---
title: GDPR & Compliance Module
type: concept
tags: [gdpr, compliance, coppa, privacy, data-protection, legal]
sources:
  - (D) Sig Dug instruction 2026-04-18
  - (E) Code audit 2026-04-18
authority: Single source of truth for all GDPR/compliance behavior. All services must reference this page. No scattered GDPR logic is authoritative.
---

# GDPR & Compliance Module

> **⚠️ Non-Negotiable (Sig, 2026-04-18):** GDPR must be enforced by the system, not described in text. Every rule here must map to a concrete API endpoint, DB write, scheduled job, or audit log entry.
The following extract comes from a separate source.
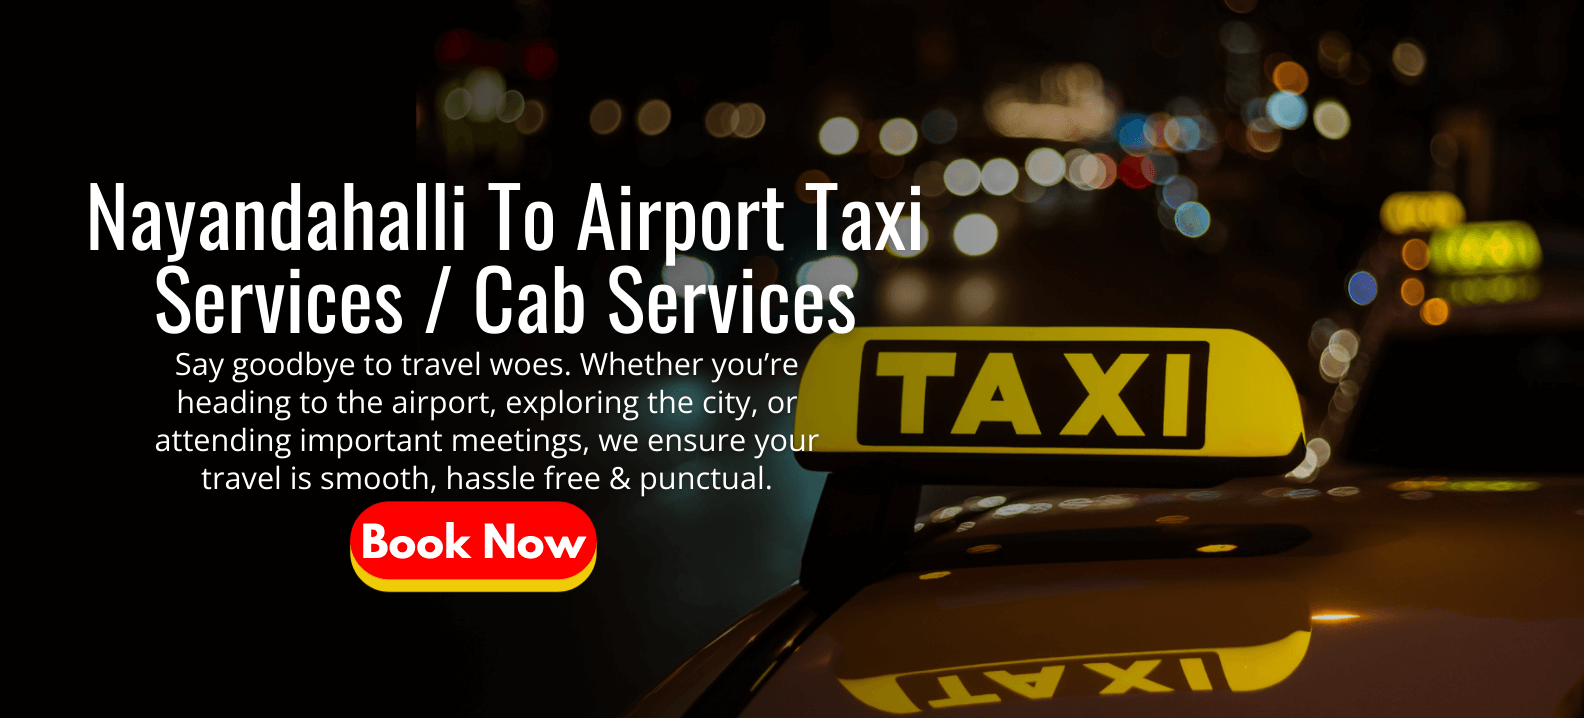 Nayanda Halli to Airport Taxi Services | Cab Services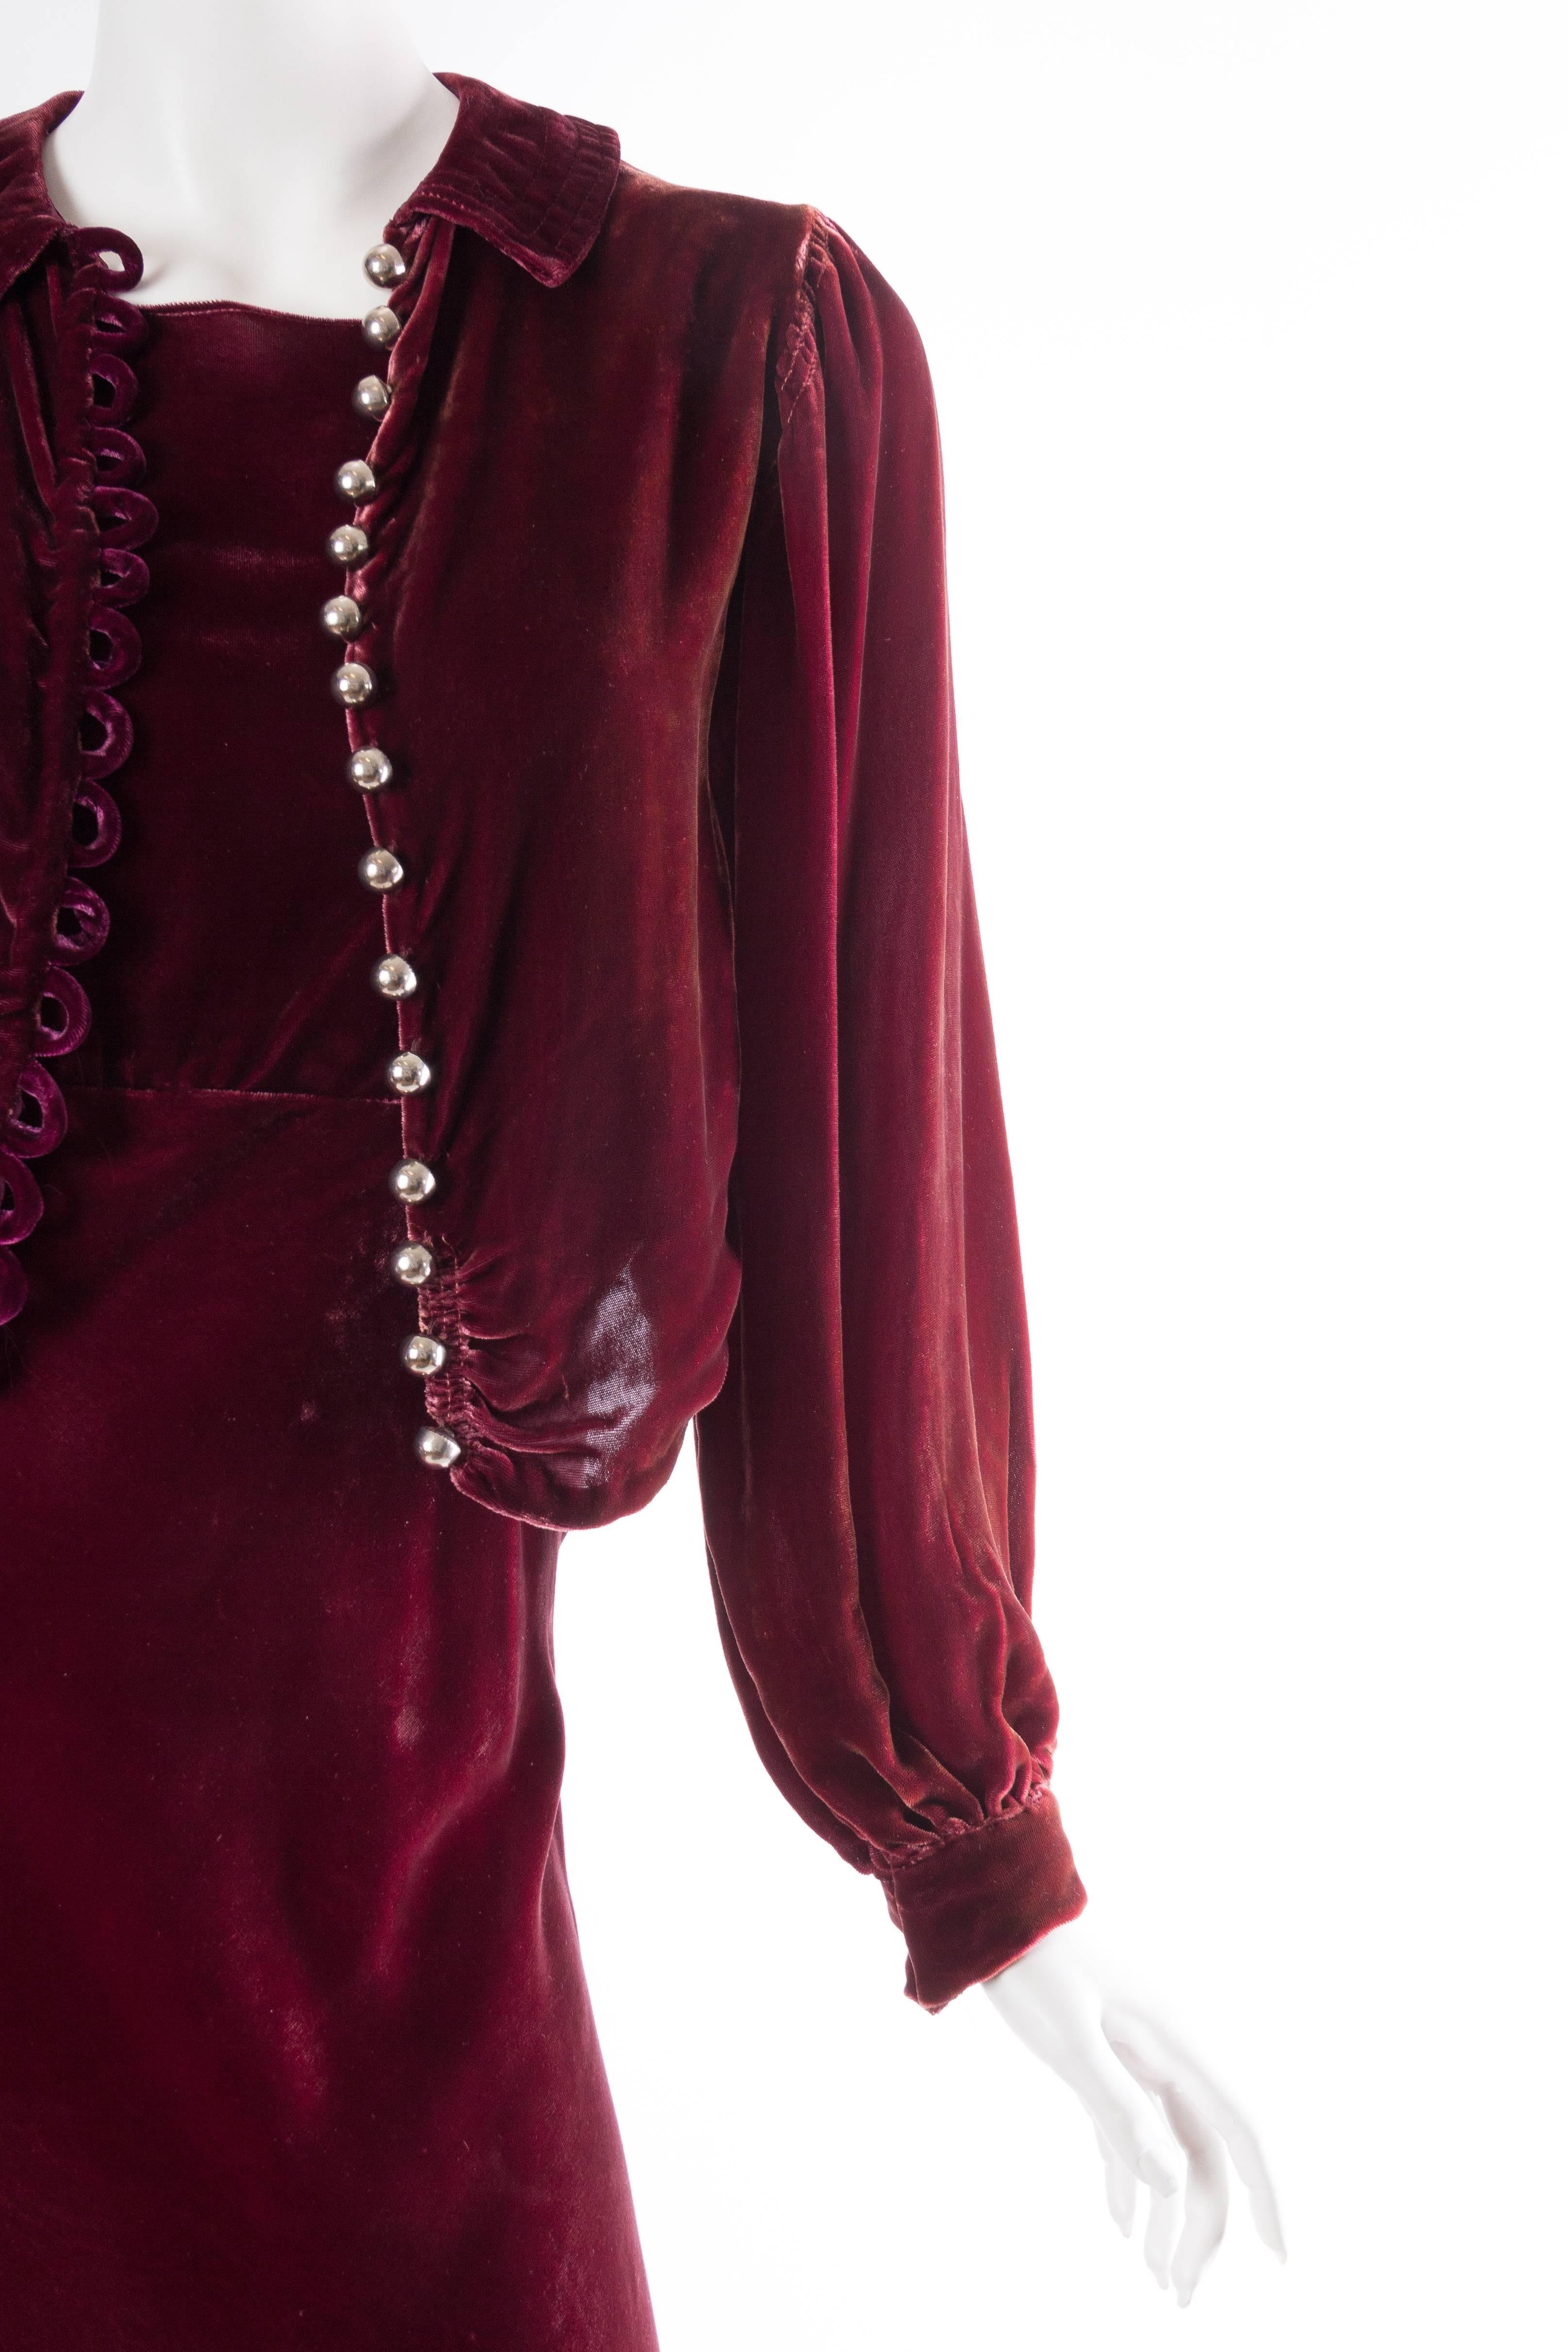 Women's Backless Silk Velvet Gown from the 1930s with Matching Jacket

If it cannot be enforced, it is not in scope.

---

## 1. Data Ownership Model

### Controller vs Processor

| Role | Party | Scope |
|---|---|---|
| **Data Controller** | School (or parent for B2C — out of scope v1) | Determines purpose and means of processing children's data |
| **Data Processor** | Pickatale | Processes data on behalf of the controller, per DPA |
| **Sub-processor** | OpenAI (GPT-4o), Azure TTS, Replicate | Pickatale must ensure sub-processor DPAs are in place |

**What this means in practice:**
- Pickatale **cannot** use a child's reading data for any purpose outside the school's instruction
- Pickatale **cannot** train models on personal child data without explicit controller consent
- Schools are responsible for obtaining parental consent through their own processes (letters home, school policy) — Pickatale does not gate student activation on parental consent in v1
- Pickatale is responsible for enforcing retention, deletion, and access rights once data is in the system

### How This Changes Per Tenant

| Tenant Type | Controller | DPA Required |
|---|---|---|
| UK/EU school | School (head teacher or DPO) | Yes — captured in Teacher Portal setup wizard |
| Government contract | Education authority | Yes — ingested via `external_entitlements` API with DPA reference |
| Individual teacher (free tier) | Teacher personally | Simplified consent notice at signup |

**DPA storage:** `school_dpa_agreements` table — `school_id`, `accepted_by` (user_id), `accepted_at`, `dpa_version`, `ip_address`. Written at setup wizard completion.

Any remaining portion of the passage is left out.